Material provided:
**********

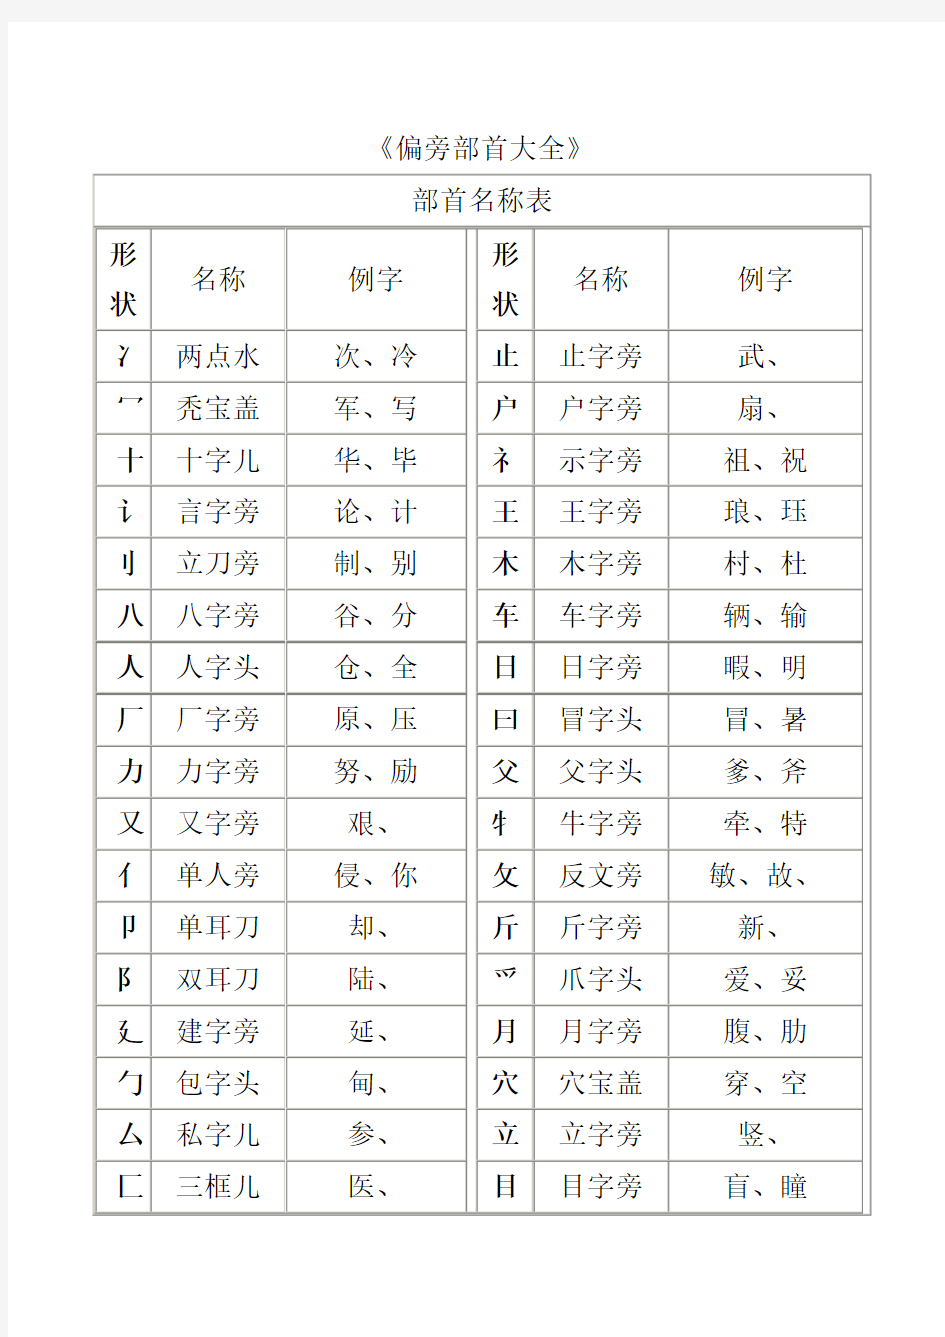 汉字笔画名称、偏旁部首大全表
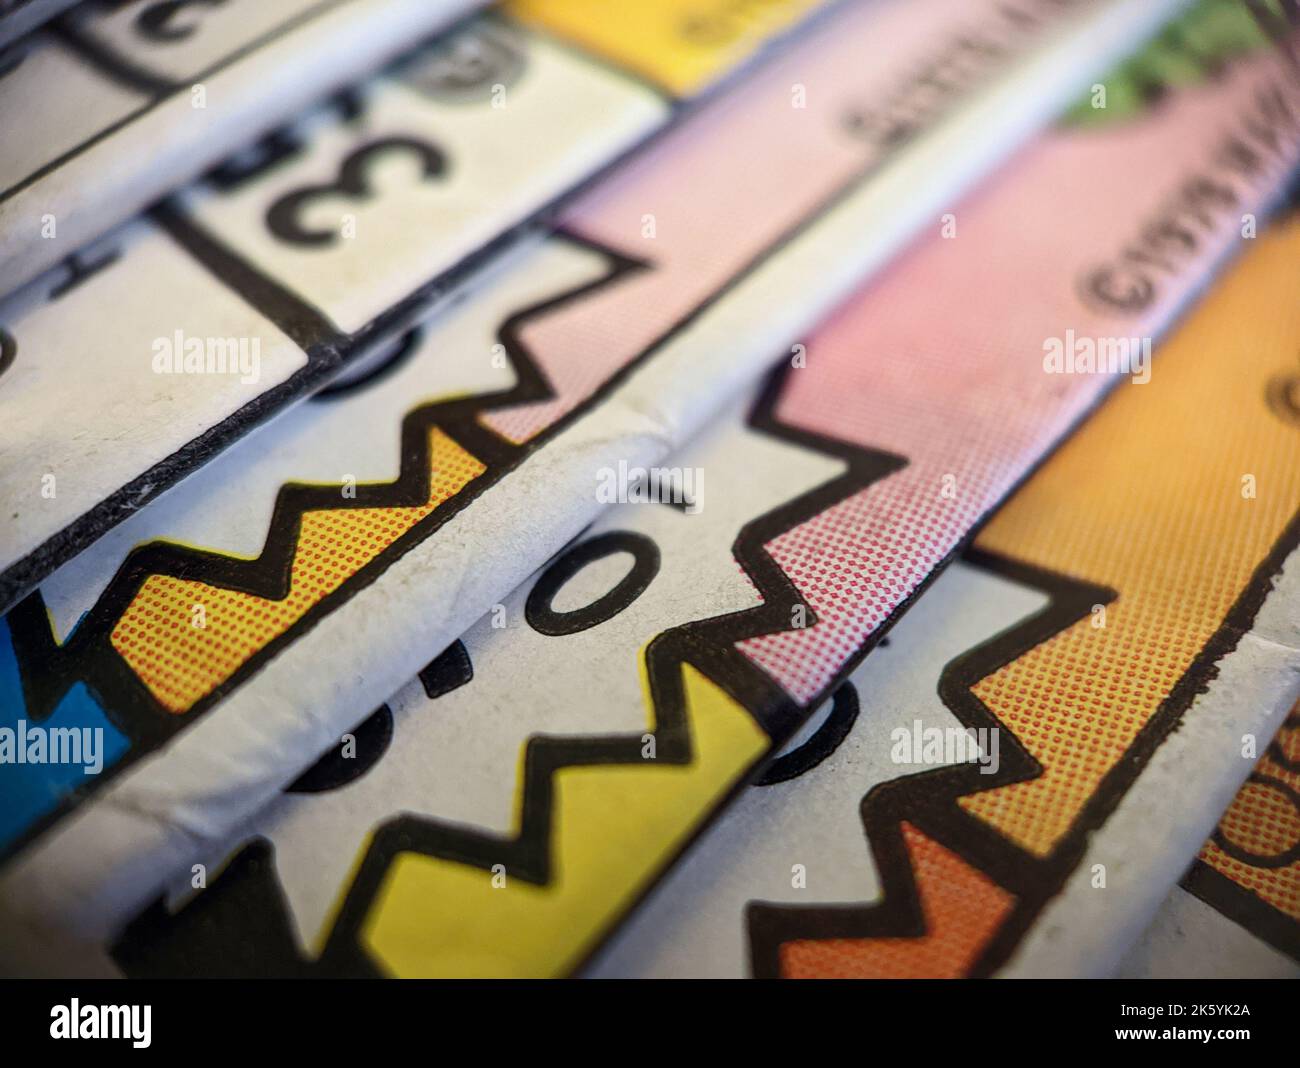 Die Nahaufnahme einer alten Comicsammlung, die auf einem Stapel gestapelt ist, erzeugt eine bunte Papierstruktur mit abstrakten Formen im Hintergrund Stockfoto
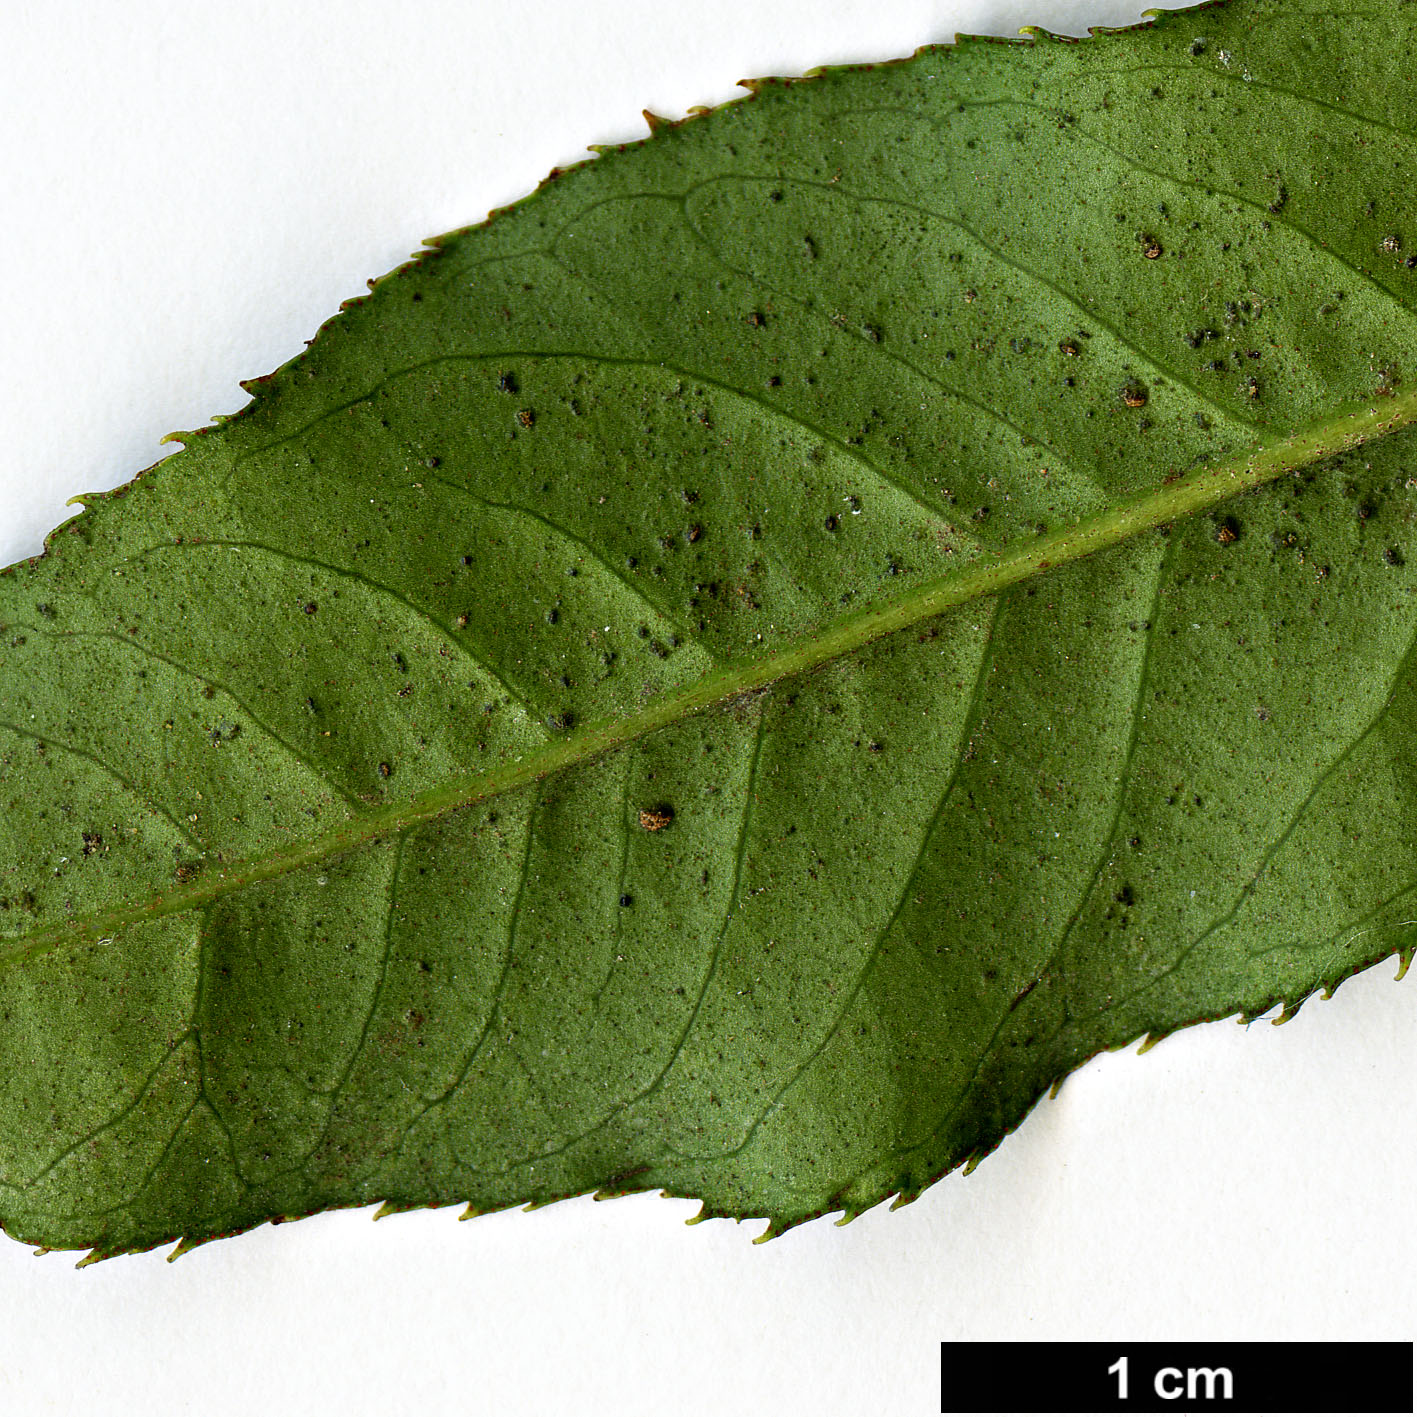 High resolution image: Family: Primulaceae - Genus: Myrsine - Taxon: semiserrata

**********

Aim of the exercise: Take the material above and set it down exactly, minus the images.

Output for this exercise:
 汉字笔画名称、偏旁部首大全表
 Die Nahaufnahme einer alten Comicsammlung, die auf einem Stapel gestapelt ist, erzeugt eine bunte Papierstruktur mit abstrakten Formen im Hintergrund Stockfoto
 High resolution image: Family: Primulaceae - Genus: Myrsine - Taxon: semiserrata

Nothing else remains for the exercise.